The official constraints state that 1 <= k <= arr.length <= 500 and 0 <= arr[i] <= 10^9.
Input and Output
| Item | Meaning |
|---|---|
| Input | Array arr and integer k |
| Output | Maximum possible sum after optimal partitioning |
Function shape:
def maxSumAfterPartitioning(arr: list[int], k: int) -> int:
...Examples
Example 1:
arr = [1, 15, 7, 9, 2, 5, 10]
k = 3Partition: [1, 15, 7], [9, 2, 5], [10].
After: [15, 15, 15, 9, 9, 9, 10]. Sum = 82.
Answer:
84One strong partition is [1,15,7], [9], [2,5,10]. Its value is 15*3 + 9*1 + 10*3 = 84.
[1,15], [7,9,2], [5,10] → 15*2 + 9*3 + 10*2 = 30 + 27 + 20 = 77. Worse.
[1,15,7], [9], [2,5,10] → 45 + 9 + 30 = 84.
Answer: 84.
Key Insight
Let dp[i] = maximum sum for the prefix arr[:i].

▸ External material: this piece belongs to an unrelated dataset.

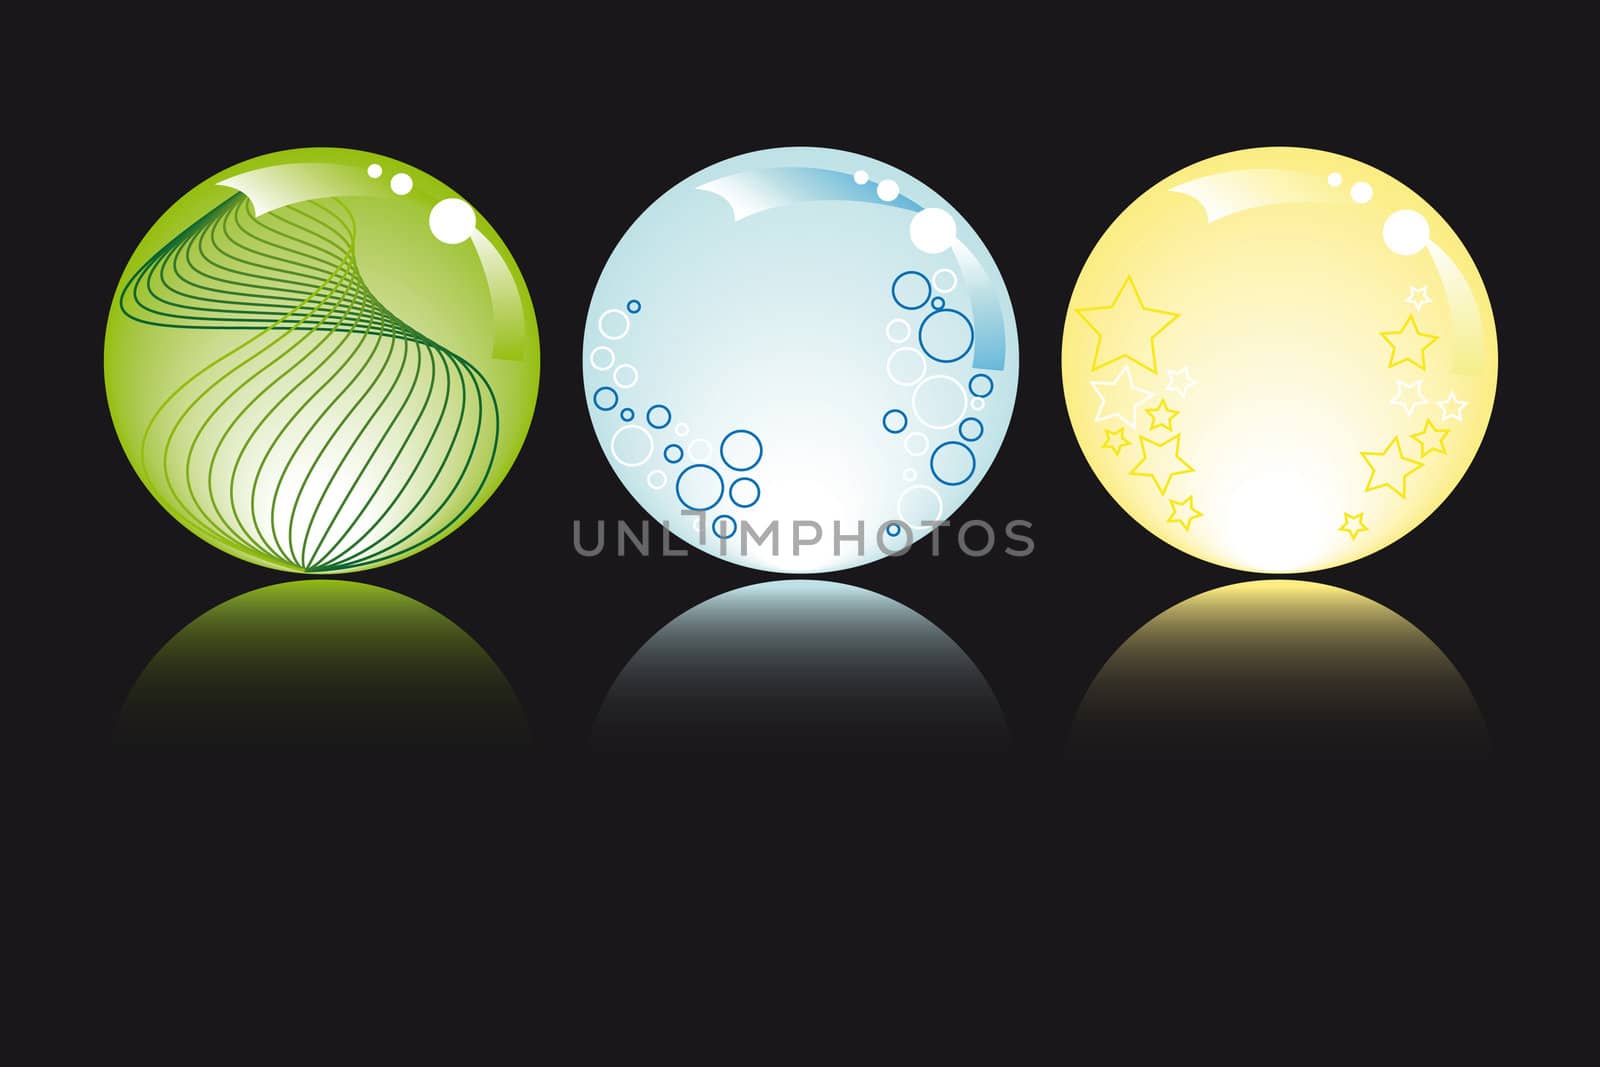 glowing spheres by karinclaus

For each position i, try all partition lengths l from 1 to k:
dp[i] = max(dp[i - l] + max(arr[i-l:i]) * l)Correctness
For each ending position i and partition length l, the last partition covers arr[i-l:i]. All elements in this partition become the maximum of that partition. Adding dp[i-l] gives the best result for the prefix before the partition.
The maximum over all valid l gives the best result ending at i.
Edge Cases
- Initialize the base states explicitly; most wrong answers come from an implicit zero that should not be allowed.
- Confirm the iteration order matches the recurrence dependencies.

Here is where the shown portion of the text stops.